--- Exercise requirements ---
Everything in the listing should be copied exactly, save for the pictures.

--- Available data ---
= = = = =

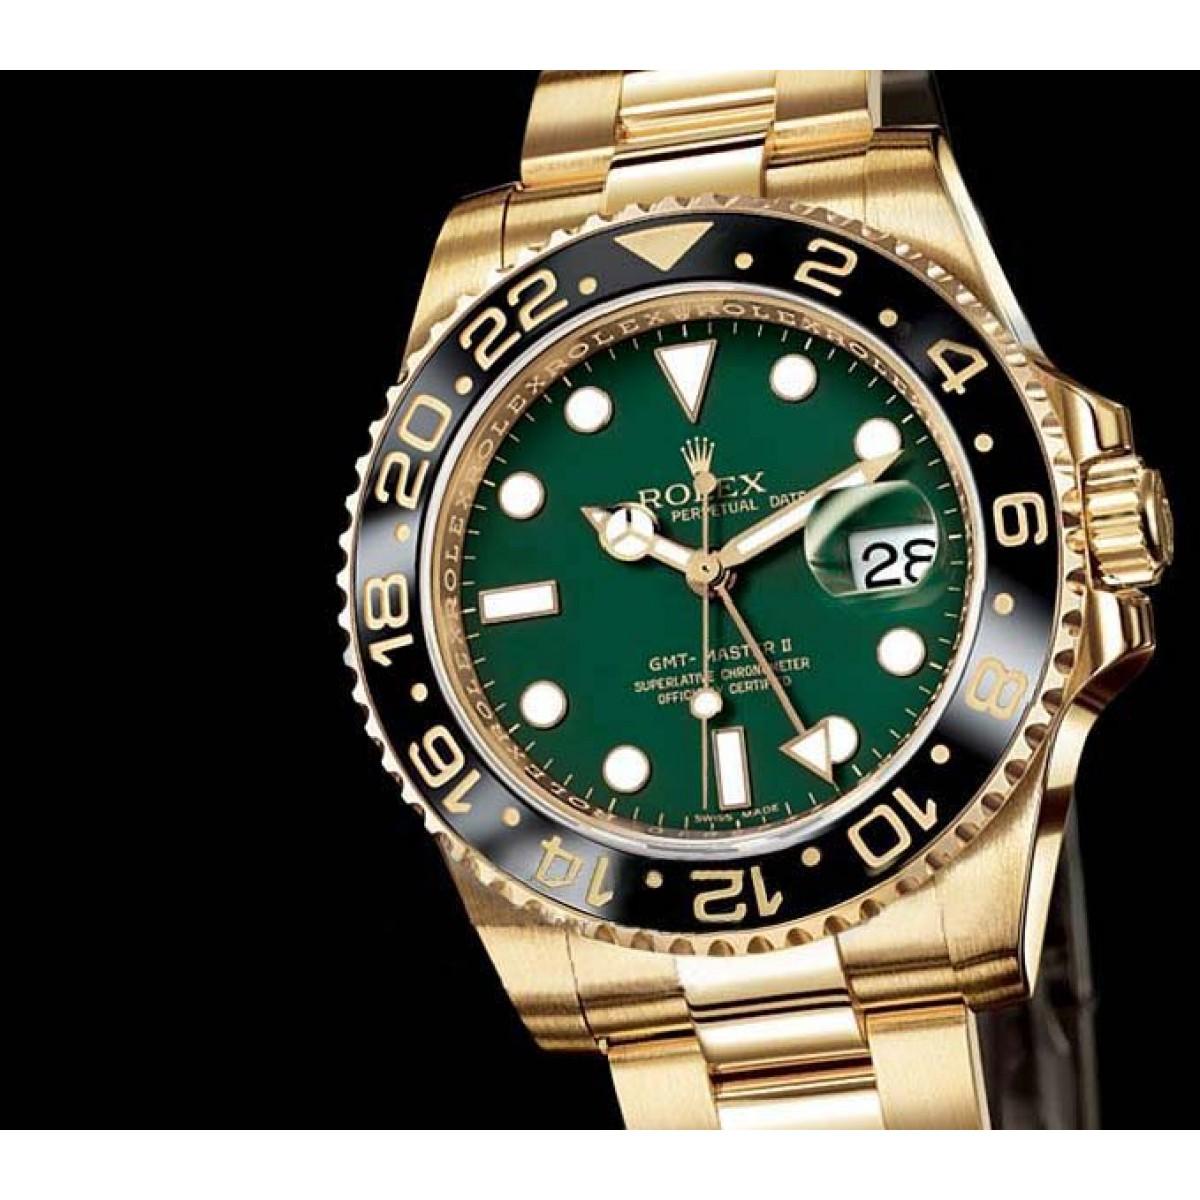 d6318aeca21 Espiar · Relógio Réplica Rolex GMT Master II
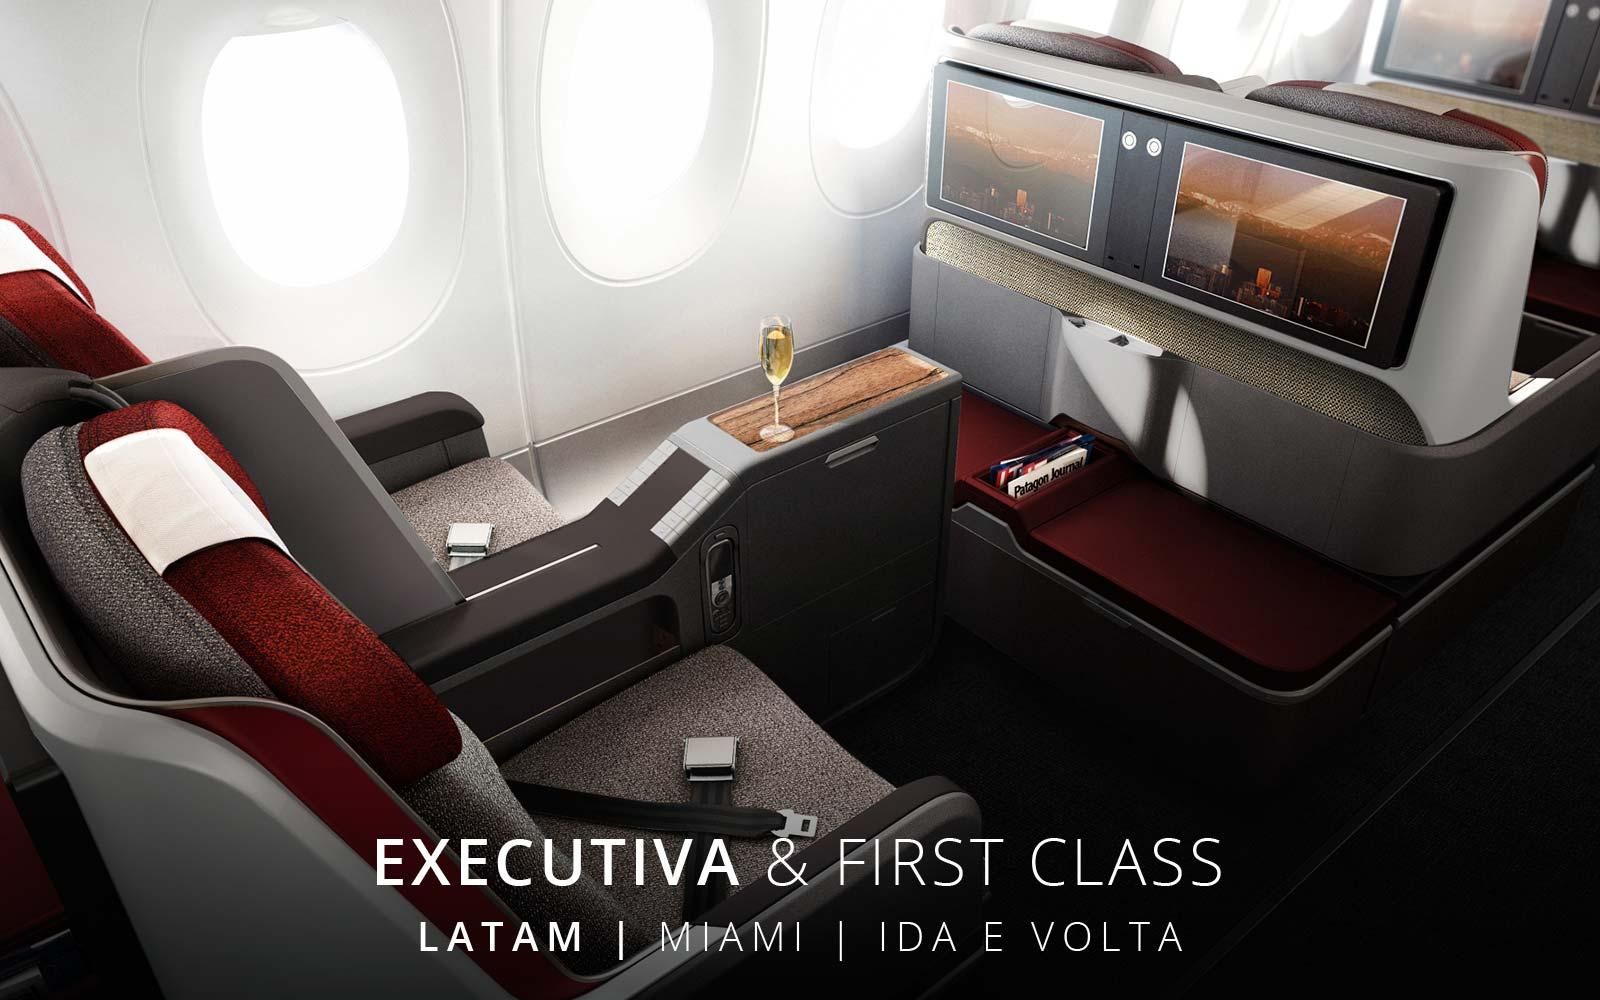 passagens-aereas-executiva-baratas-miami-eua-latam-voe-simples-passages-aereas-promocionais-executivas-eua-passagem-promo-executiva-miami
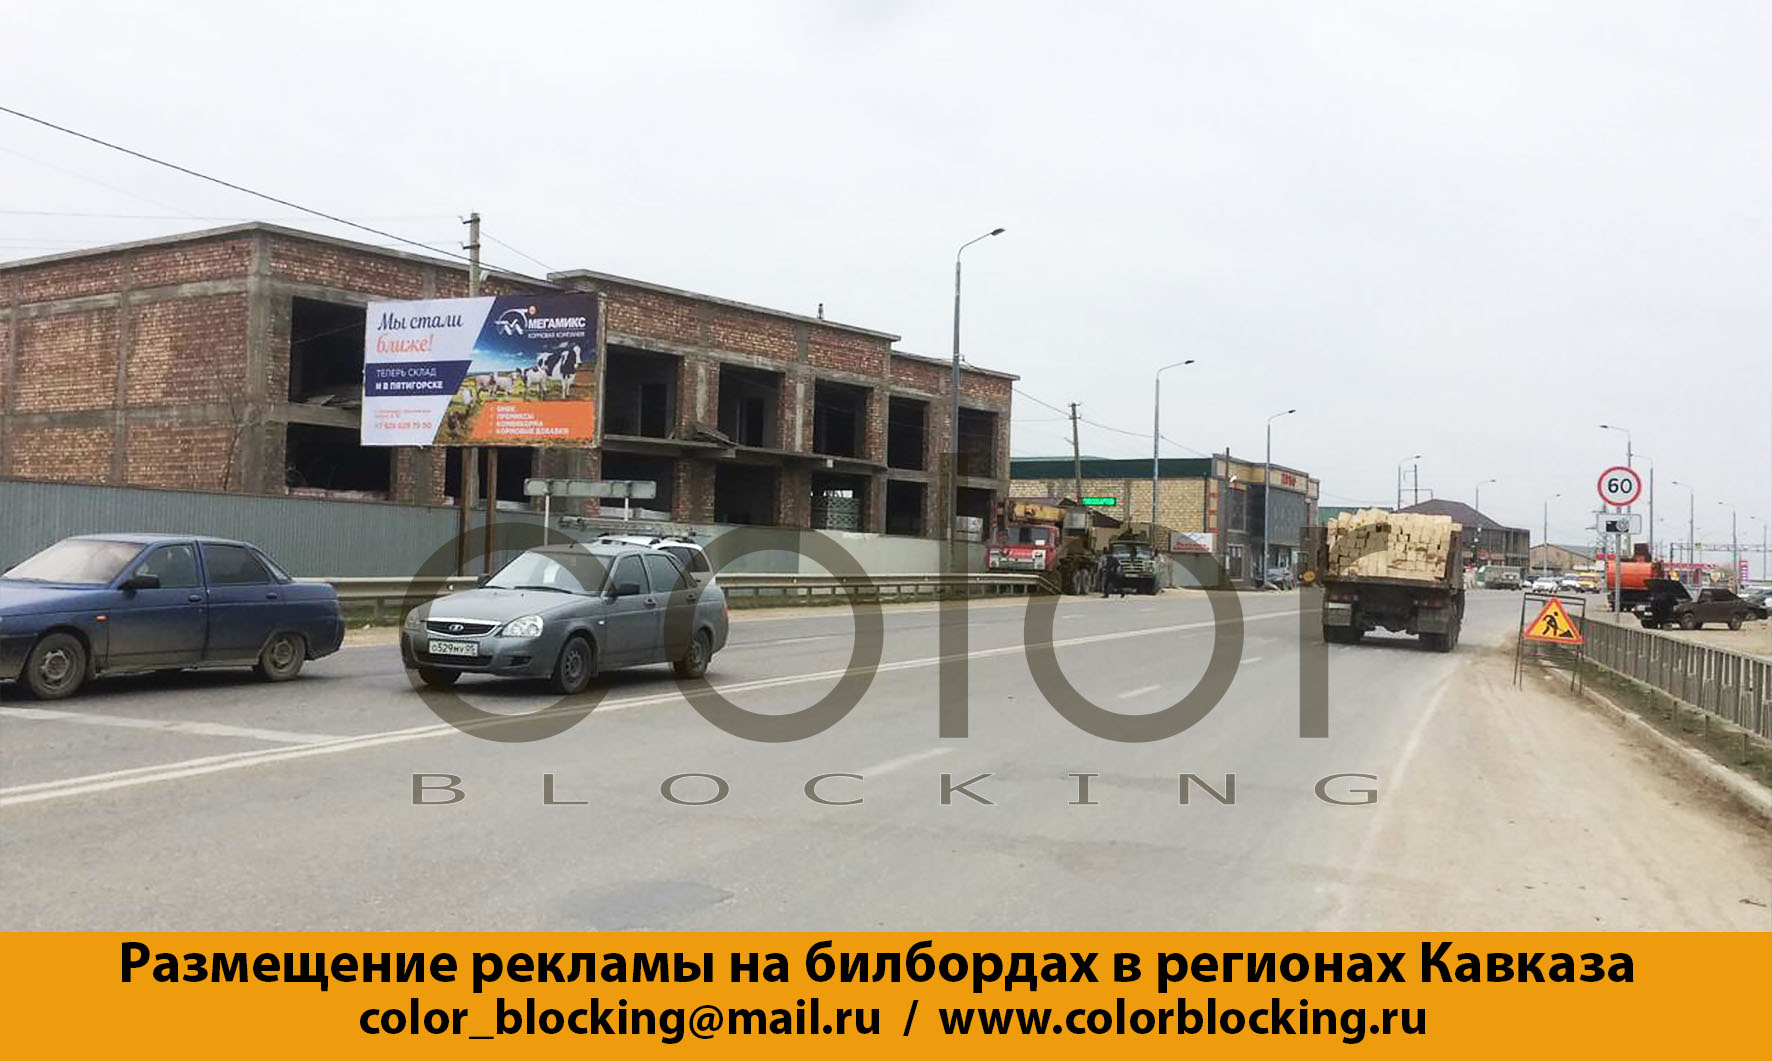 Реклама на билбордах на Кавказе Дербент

= = = = =

--- Exercise response ---
 d6318aeca21 Espiar · Relógio Réplica Rolex GMT Master II
 passagens-aereas-executiva-baratas-miami-eua-latam-voe-simples-passages-aereas-promocionais-executivas-eua-passagem-promo-executiva-miami
 Реклама на билбордах на Кавказе Дербент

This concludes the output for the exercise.